I own about three pairs of headphones, & I almost always have one of them with me. As someone who works from home – which often means working from coffeeshops – I need them in order to take conference calls in crowded, noisy venues, & of course, they're great for blocking out the world around me & losing myself in Billy Joel while I work. Or, um, something cooler. (What are the kids listening to these days, anyway?)
When I got to Starbucks this afternoon, the only seat left in the place was at a shared seating area, squished between a woman in her 30s working on a Macbook & two women in their 50s taking up much more space than they required. What stood out about them was that one of the women appeared to have brought her own cutlery & a China plate from home & was eating an orange with a fork while snacking from a plastic party tray of dried apricots. While I've been known to sneak outside food into Starbucks (& the movies & basically anywhere else), there's something distinctly brazen about setting up your own meal & digging in for everyone to see. She was also drinking an eggnog latte, which, she announced loudly – & repeatedly – was "absolute rubbish."
It gets weirder. I briefly considered the idea that these women – or at least one of them, the more annoying of the two – might've had some sort of developmental delay (which would've absolutely kept me from writing this post, let's be clear), but it became pretty clear that they were just... weird. The lady with the orange switched back & forth between a normal voice & a squeaky, high-pitched baby voice, favoring the latter but using the former just enough to sound like a normal person every so often. They talked & talked, in a manner of conversation I can scarcely think to describe in writing, though I'm sure I could muster a good imitation for you. I want you to imagine, for example, a grown woman speaking in a squeaky baby voice saying things like, "You're so fannnncy, always going to fancy places like the Caribbean & leaving wittle old me at home!" & "I want the gweeeeen juice, but I already dwank a diffff'went juice. What should I dooo?" At some point, they began to discuss the possibility that Eggnog Orange Lady's friend had mice in her apartment; the friend said she'd round up all the mice & drop them off at a Chinese restaurant (racist much?), to which Eggnog Orange Lady exclaimed, "Nooo! Not the wittle meecers! We don't eat meecers!"
At one point, Eggnog Orange Lady took the plastic wrapping off of her apricot container & asked
In between these totally bizarre, ear-splitting interactions, the two reverted to totally normal voices & conversations, including a mean-spirited one about what a bitch one of Eggnog Orange Lady's coworkers is – like I said, enough to let me know that they were, in fact, "all there" & that they were just the most annoying.

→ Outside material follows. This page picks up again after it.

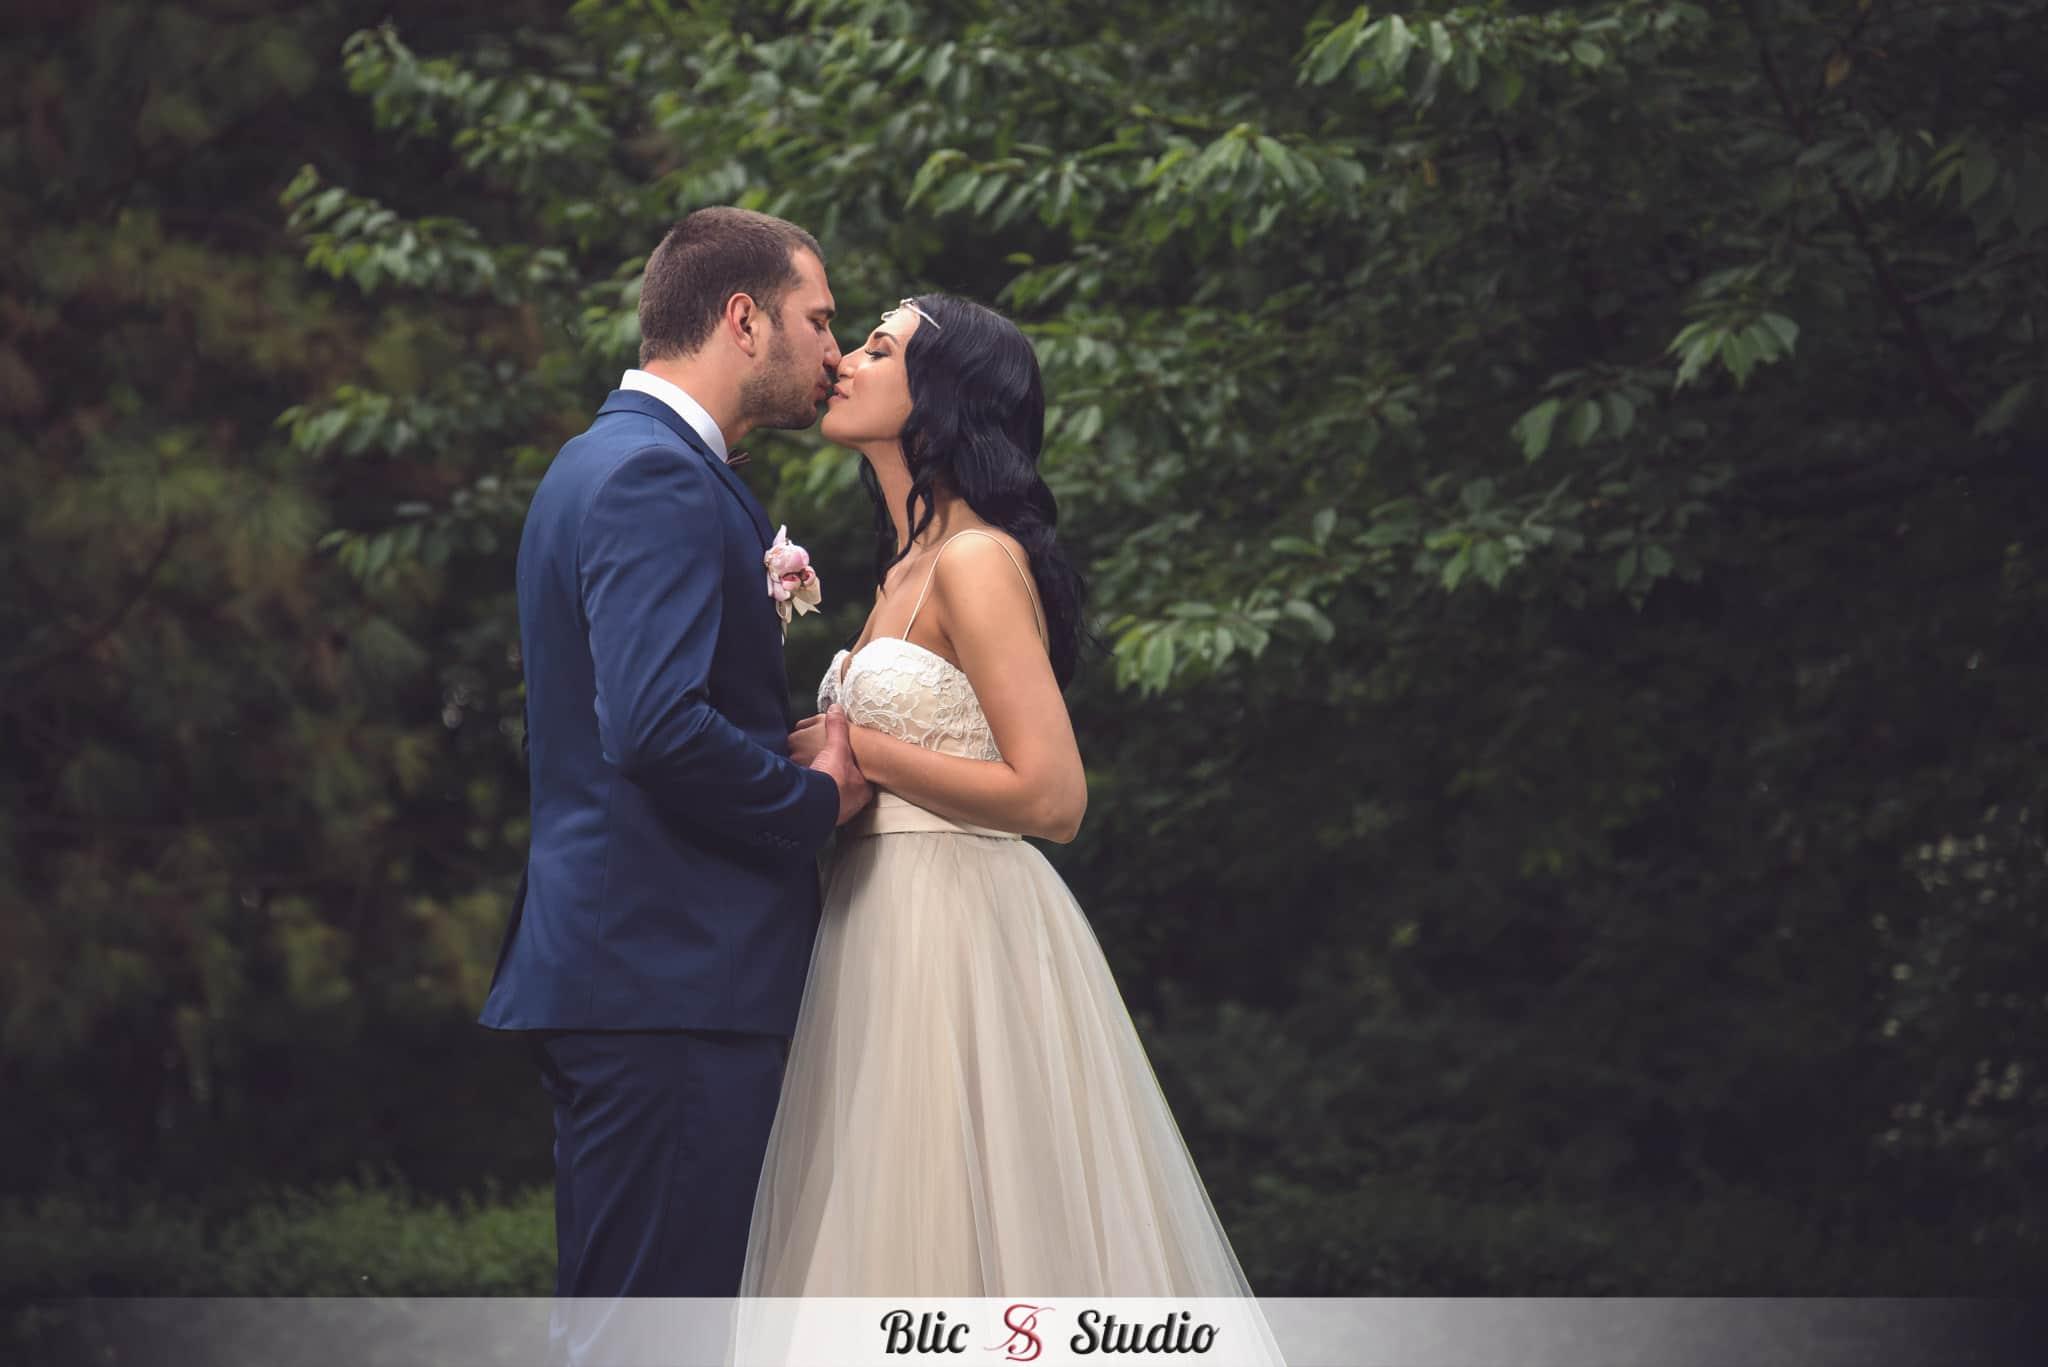 Fotograf_za_vjenčanje_foto_studio_blic_marincel (13)

When Meecers Lady said she had to get going, Eggnog Orange Lady screeched (in baby voice, of course), "Noooo! No, no, NO! Stay here with meeeee!" as though she were a child being left at daycare.

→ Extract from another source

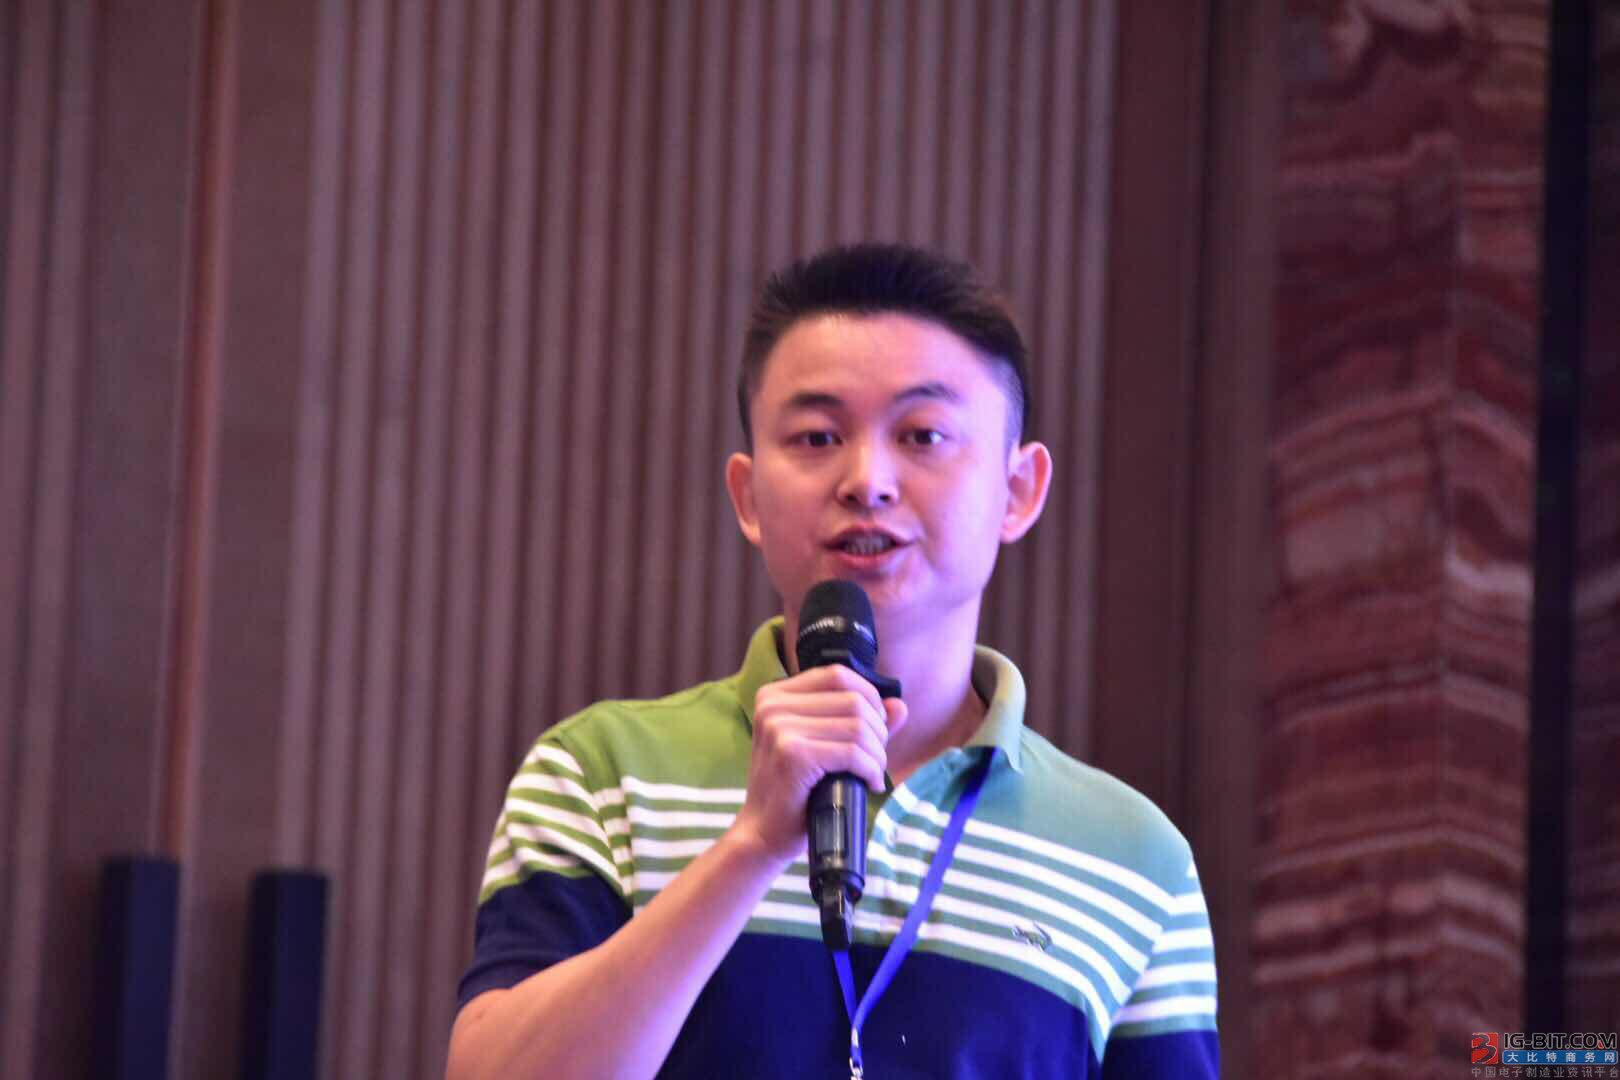 美芯晟科技(北京)有限公司市場經理冷雄

Throughout it all, try as I might (& I did, desperately), I was helpless to block them out. I even went back out to my car to search desperately for a pair of headphones that might silence the unending cacophony of weirdness, to no avail.
My frustration just miiiight have been evident, because as she got up to leave, Macbook Girl turned to me & said, just out of earshot of our two fellow diners, "I wish I had another pair of headphones. I'd totally leave them for you."
Nothing like a baby-voiced weirdo to bring two strangers together.